» **WHAT IS EXPECTED**
Could you retype the whole listing word for word and drop the images?

» **COLLECTED DATA**
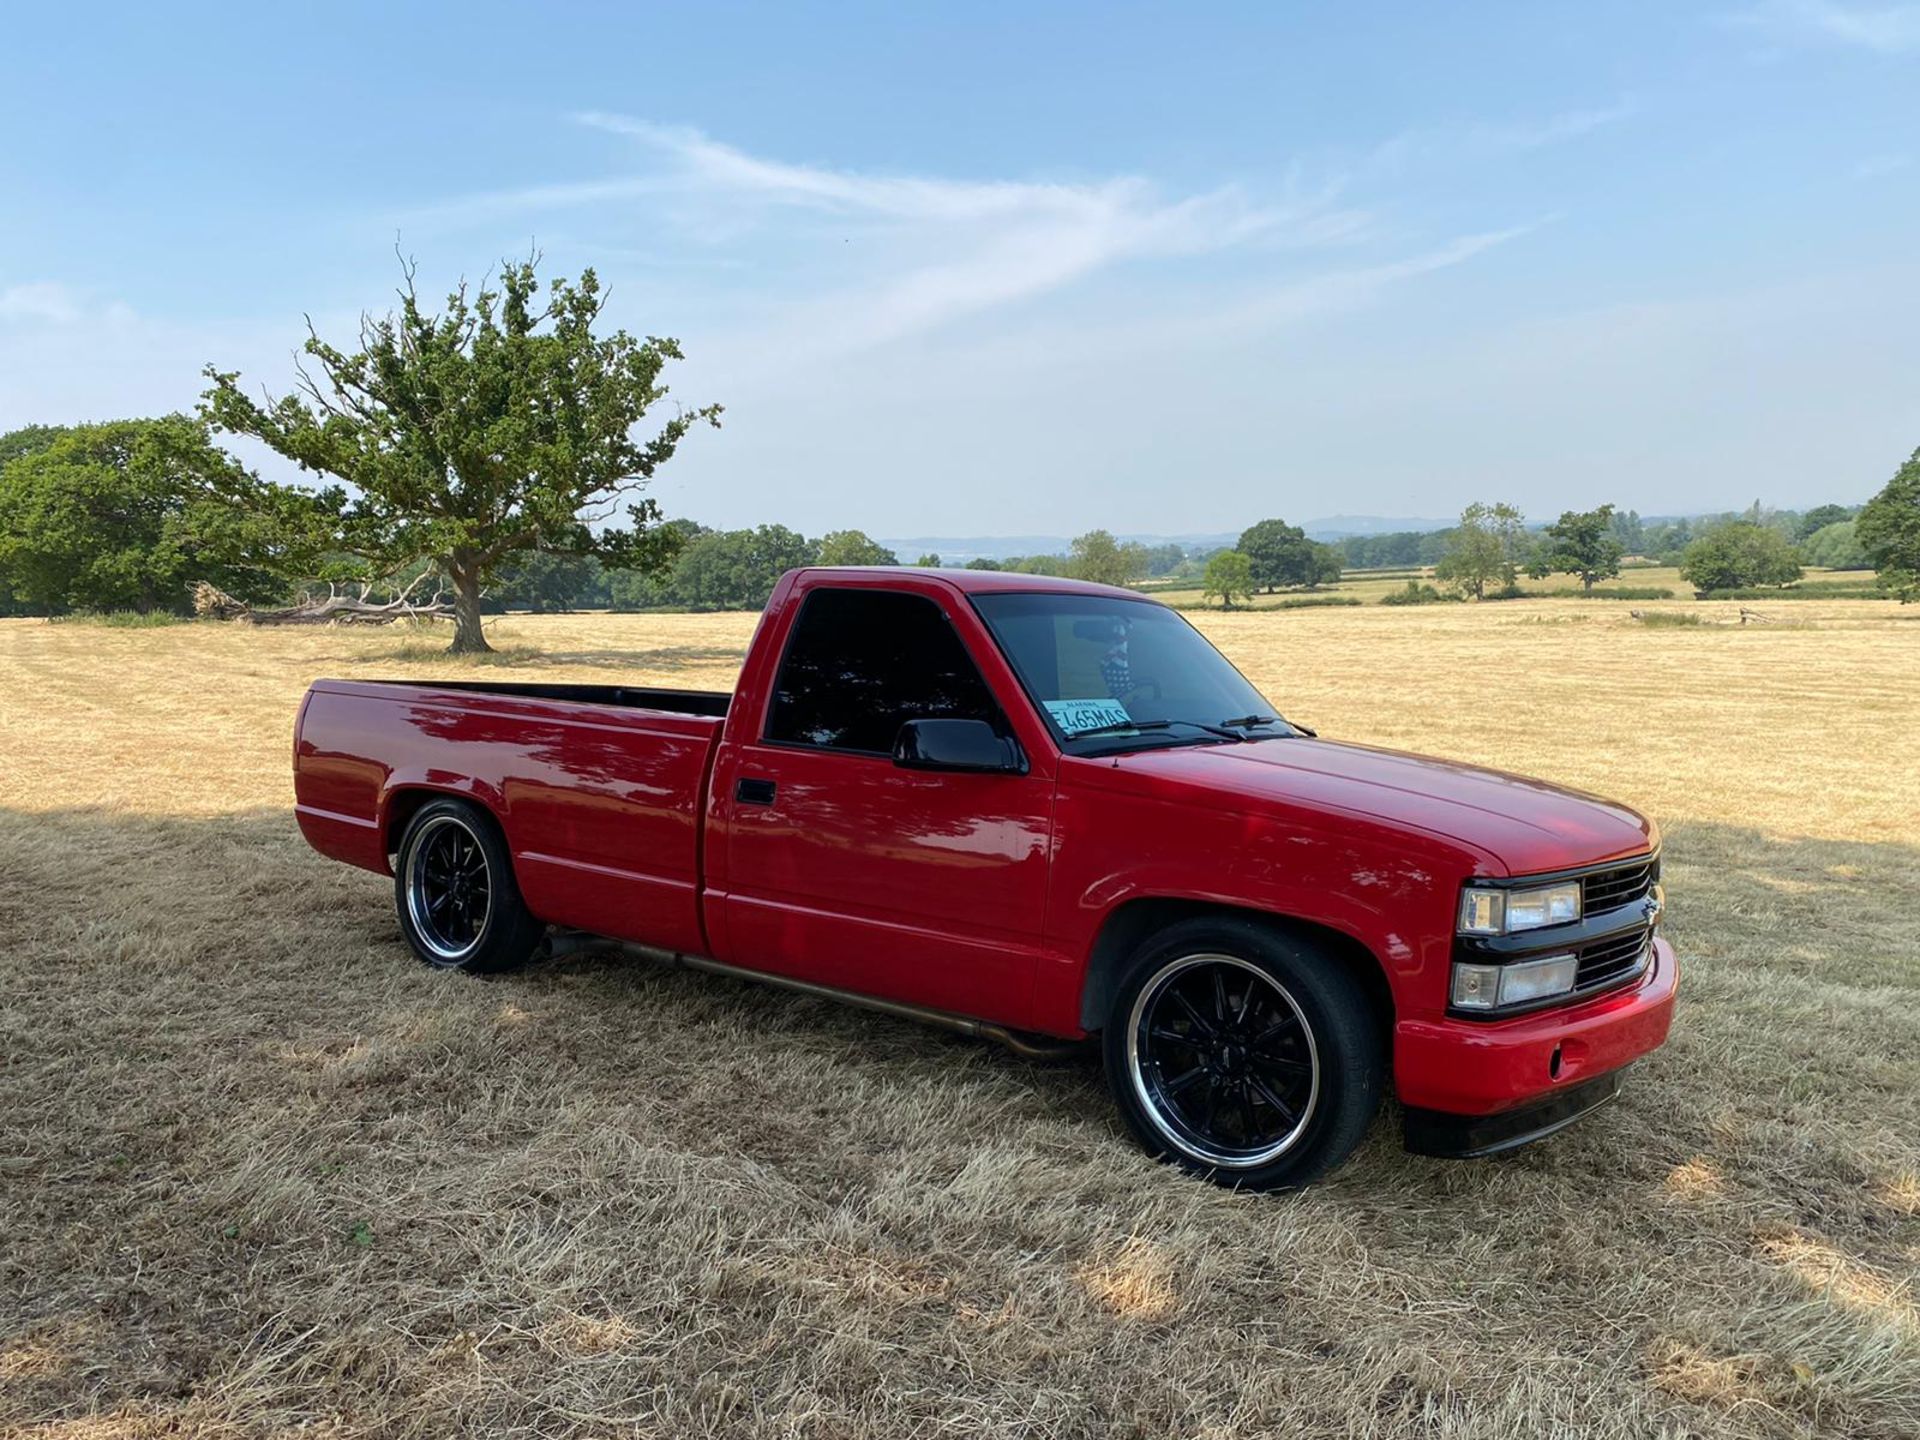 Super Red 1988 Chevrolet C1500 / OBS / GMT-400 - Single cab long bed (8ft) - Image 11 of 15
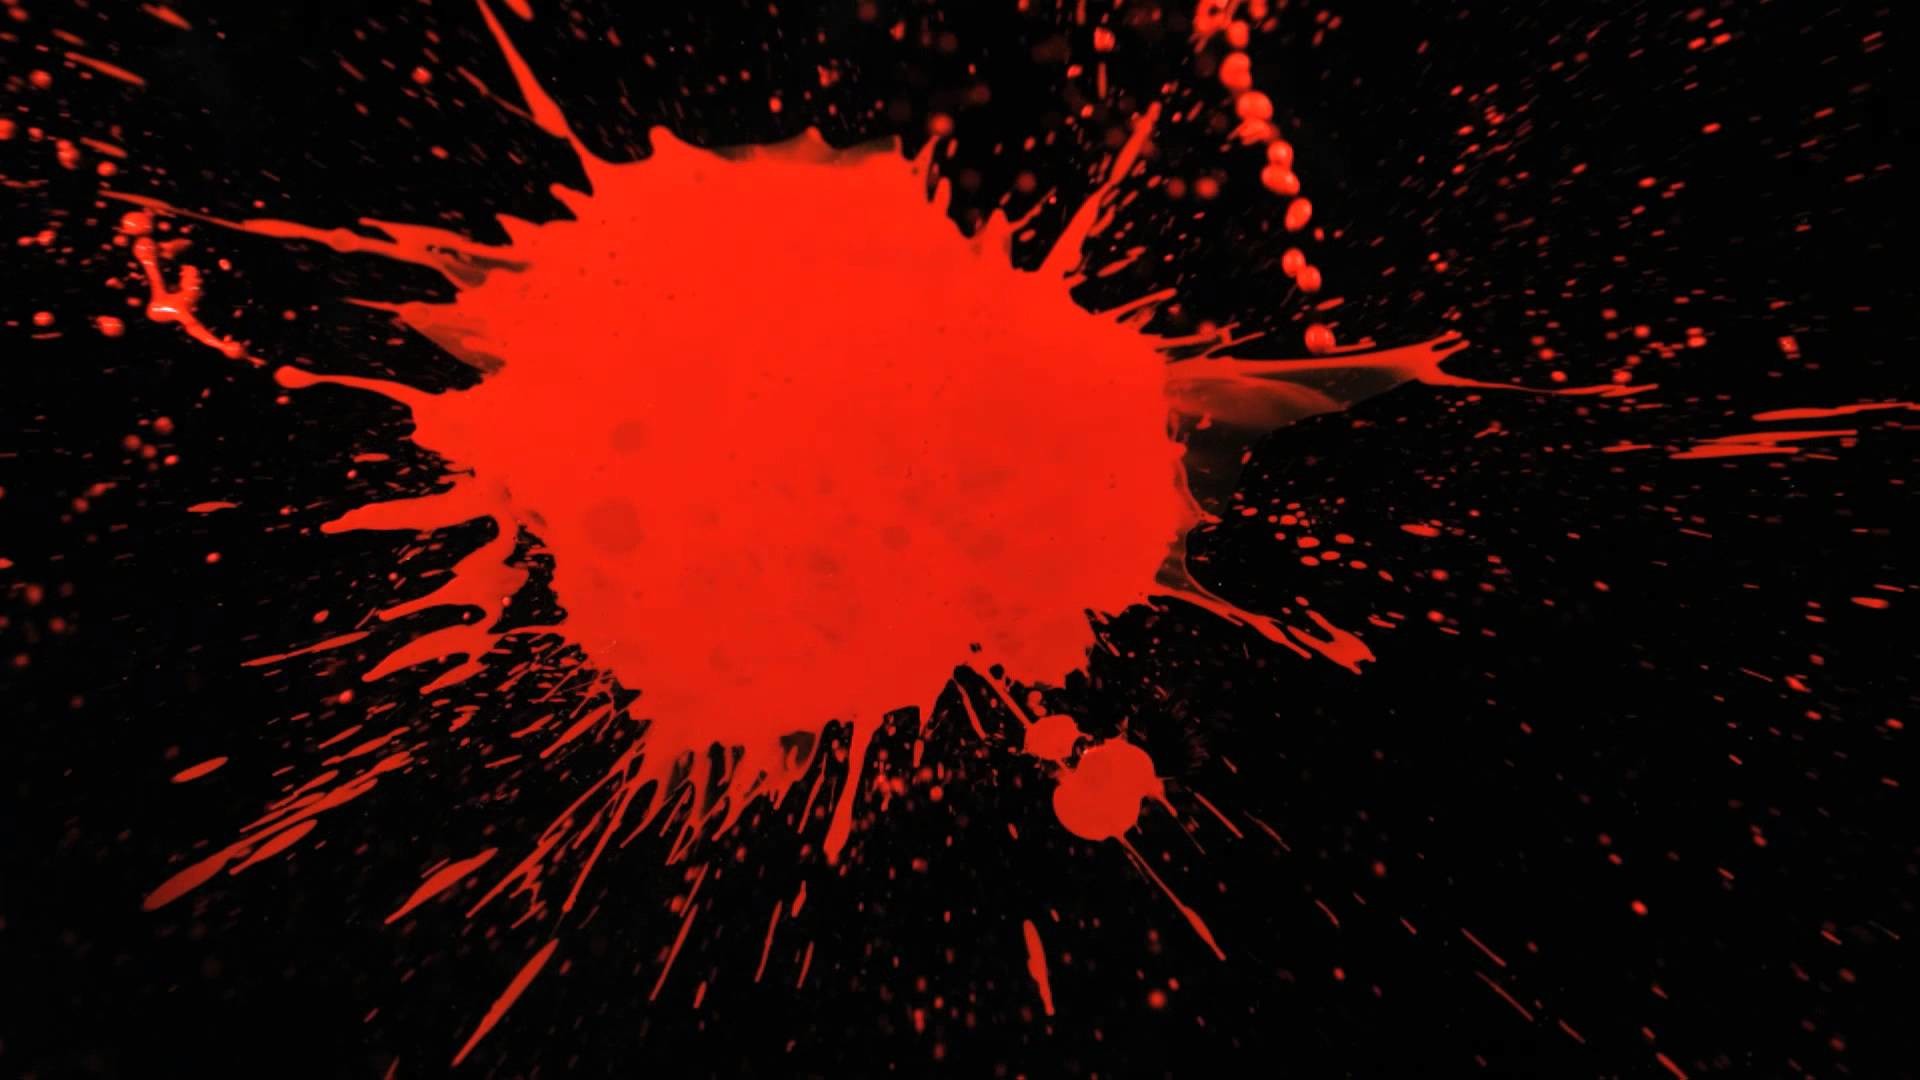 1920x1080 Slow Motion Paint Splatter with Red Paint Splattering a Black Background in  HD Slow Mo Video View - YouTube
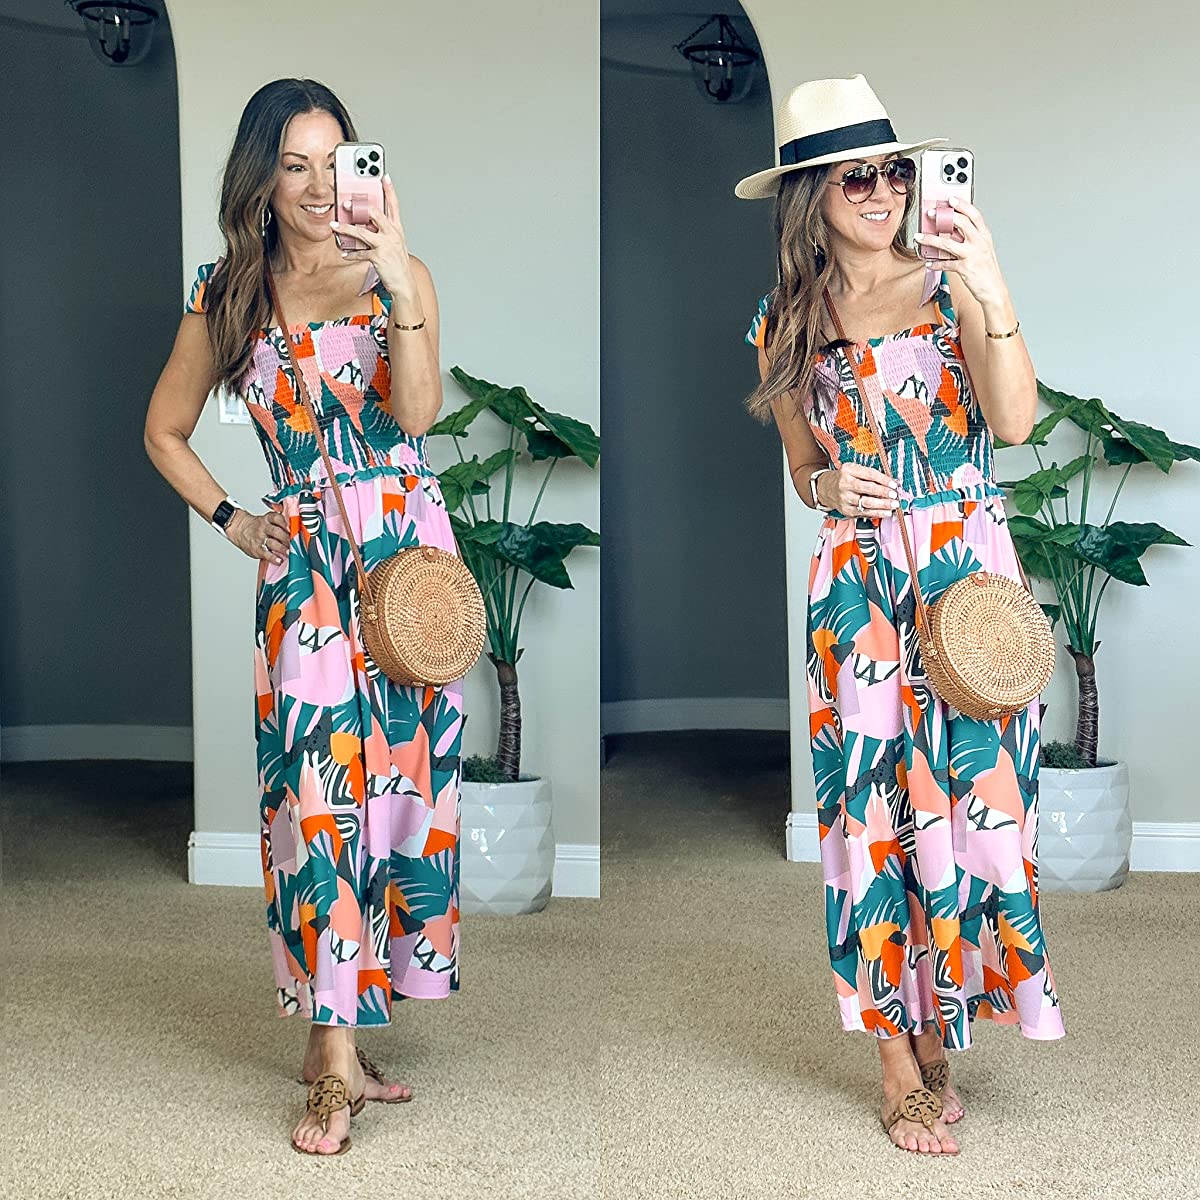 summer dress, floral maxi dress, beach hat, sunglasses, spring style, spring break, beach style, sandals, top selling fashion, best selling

» **WRITTEN SOLUTION**
 Super Red 1988 Chevrolet C1500 / OBS / GMT-400 - Single cab long bed (8ft) - Image 11 of 15
 1920x1080 Slow Motion Paint Splatter with Red Paint Splattering a Black Background in  HD Slow Mo Video View - YouTube
 summer dress, floral maxi dress, beach hat, sunglasses, spring style, spring break, beach style, sandals, top selling fashion, best selling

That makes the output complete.